Las Vegas Sun

April 27, 2024

COPS AND COURTS:

Courthouse security stops man with concealed gun

Vigilance paid off for a courthouse marshal manning a metal detector two weeks ago at the Regional Justice Center.

The marshal, Jason Dean, arrested a former Las Vegas cabdriver with a violent past for allegedly carrying a loaded unregistered handgun in his backpack while going through the scanner Jan. 29. The district attorney’s office later filed a one-count felony complaint against the ex-cabbie, Jonas Maxwell, 51, charging him with bringing a concealed firearm into the courthouse.

Maxwell was carrying a 9 mm semiautomatic handgun with “26 rounds of ammunition,” according the arrest report. The gun was behind a laptop computer in Maxwell’s backpack.

The marshals say they usually find a couple of firearms a year on people coming to the courthouse.

Maxwell told Dean he had no business in court that day, but he would not say why he was there.

He also told Dean he had never been arrested, but a check of police records, Dean said in the report, showed “priors for battery and obstructing a police officer.”

Taxicab industry sources said Maxwell worked for seven months at Yellow Checker Star until he was let go in January 2007 after a fight with a doorman at the Palms.

Maxwell also got into an altercation with a police officer on the Strip while working as a cabdriver in May 2006, the industry sources said.

Attorney Allen Cap, who said he bailed Maxwell out of the county jail after his Jan. 29 arrest, described him as a “pretty nice guy.” He said the incident was “an absolute mistake” on Maxwell’s part.

“He told me was there for a traffic matter and didn’t realize the gun was in his backpack,” Cap explained. “He said he was going to do some target shooting later in the day.”

Cap — who filed a lawsuit on Maxwell’s behalf in December stemming from a motorcycle accident that injured Maxwell ­— said his client now works at a local art gallery.

•••

Mark James, a former county commissioner and state senator, hasn’t been practicing law the past two years, but other lawyers were recently trying to force him to come down to the courthouse.

The law firm of Greenberg Traurig filed court papers Feb. 4 seeking to have James held in contempt of court. They alleged James had been ducking a subpoena for records in ongoing legal action over the 2004 sale of the Alexis Park Hotel.

James, a former Senate Judiciary Committee chairman, was on the other side of the litigation before he became the chief executive officer of Frias Holding Co., which runs five taxicab companies.

Greenberg Traurig argued in its motion it had tried numerous times to serve James with the subpoena. A process server finally left the subpoena with a security guard at the entrance to James’ residential development, the firm said.

A District Court discovery commissioner had scheduled a hearing last Wednesday on whether to have James held in contempt.
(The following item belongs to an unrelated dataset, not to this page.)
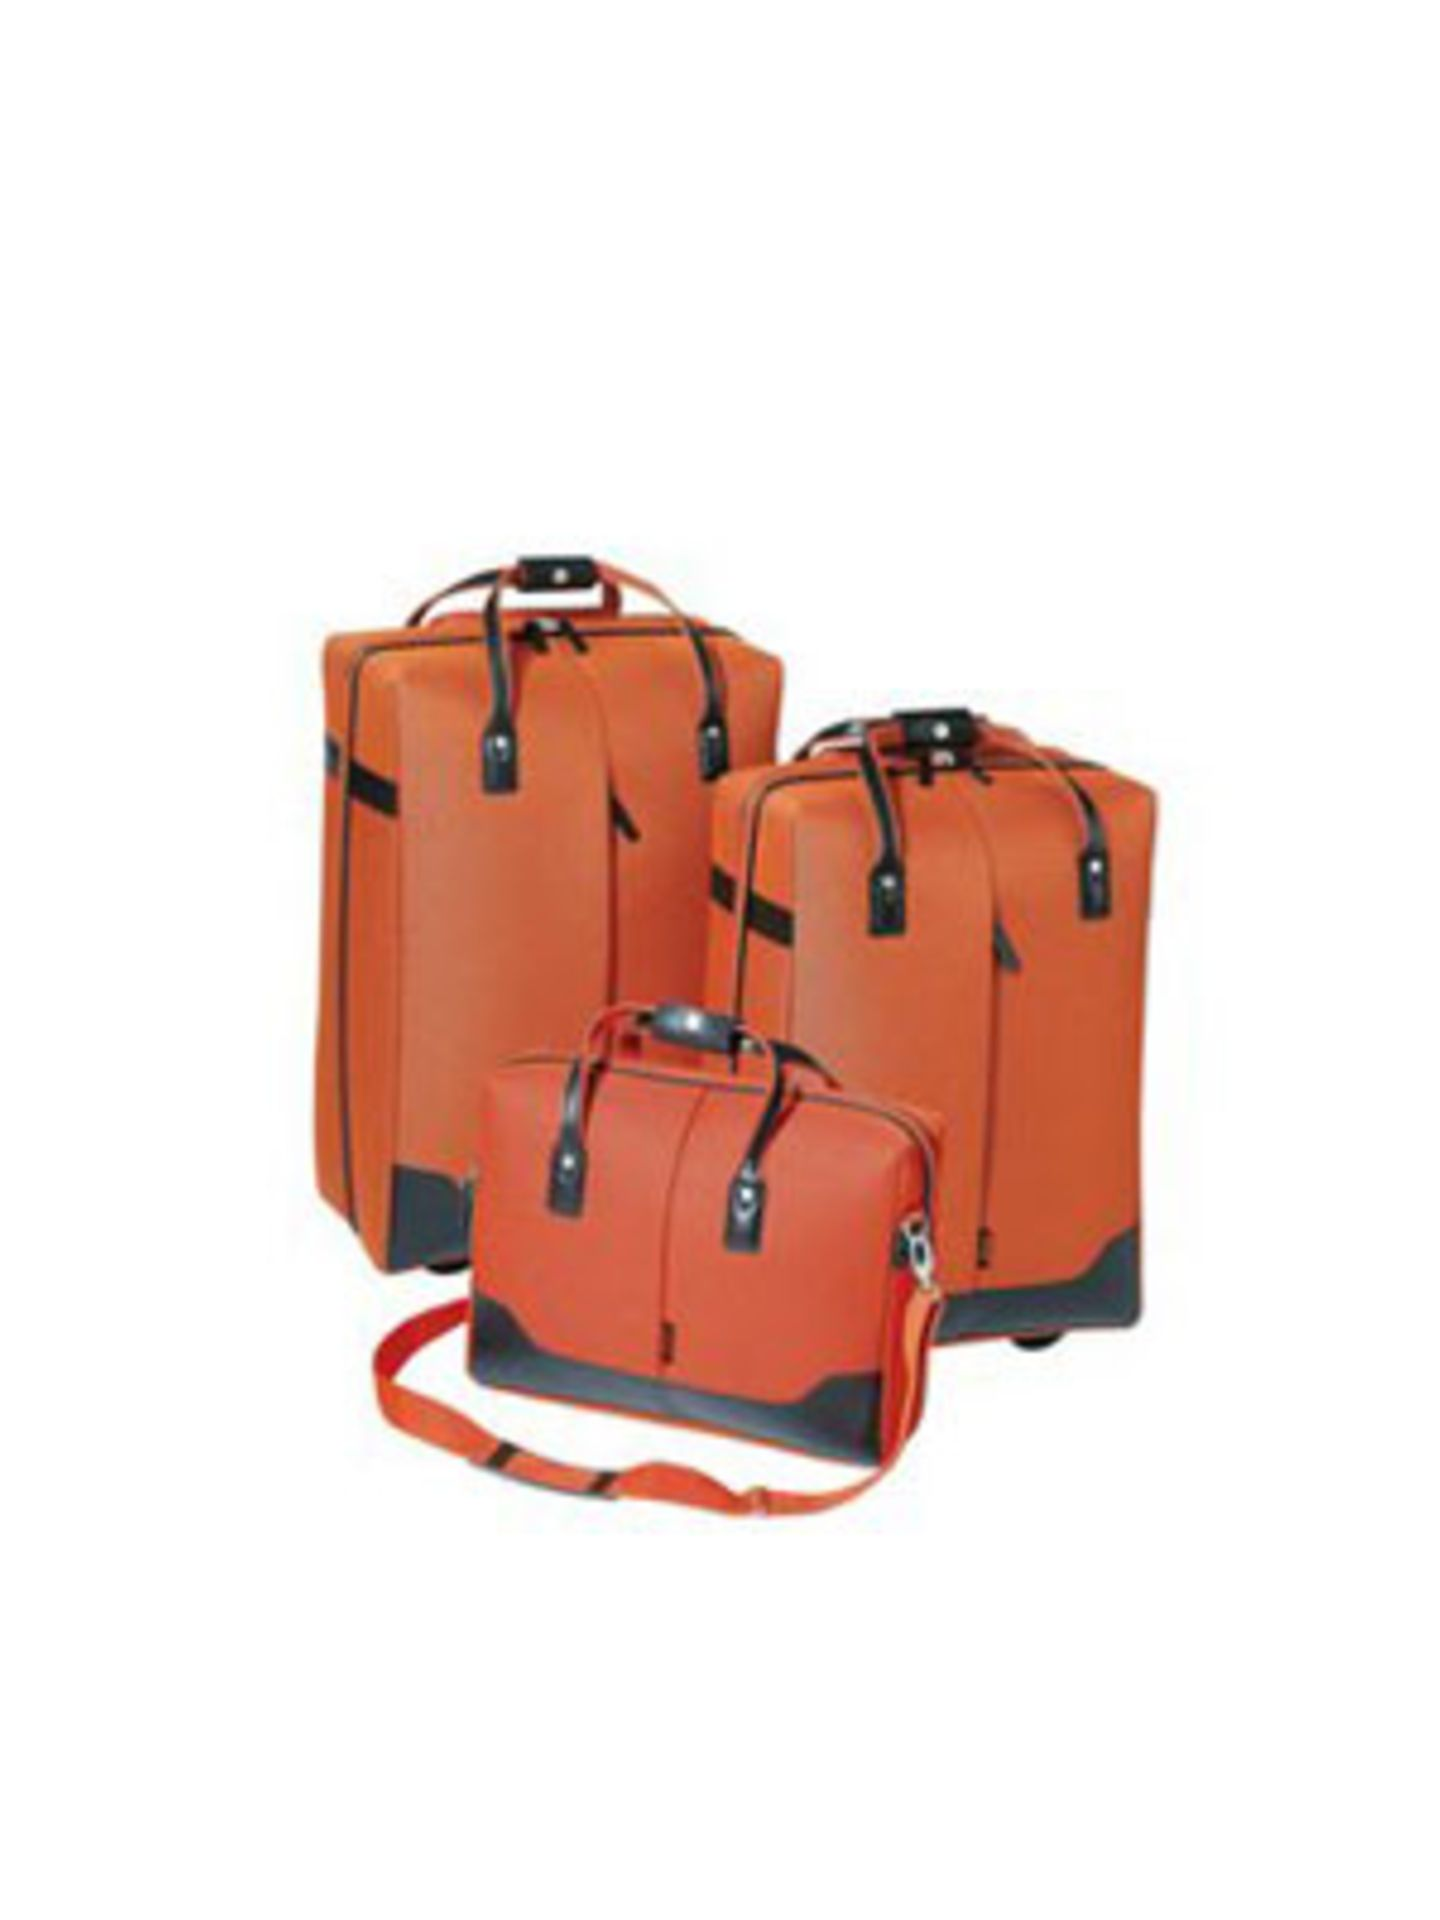 Schickes Kofferset in Orange bestend aus zwei Trolleys und einer Laptop-Tasche von Sioux, um 120 Euro. Über www.otto.de.

But before the hearing took place, attorney Will Kemp, who represented James in the matter, went to work.

In court papers moving to quash the subpoena, Kemp said there was no need to subpoena James for the records, because his former law firm had turned over what had been requested.

Kemp also pointed out that Greenberg Traurig should have had no trouble finding James because the firm also was representing James and the Frias companies and knew exactly where he worked. Kemp argued the firm had an obvious conflict of interest trying to get its own client held in contempt.

Not surprisingly, the matter was resolved in James’ favor before last Wednesday’s hearing, following a private 40-minute discussion between Kemp and Greenberg Traurig lawyers on a fourth-floor outdoor balcony at the courthouse.

Kemp told the discovery commissioner in court that Greenberg Traurig had agreed to have the subpoena quashed. The firm’s lawyers weren’t talking afterward.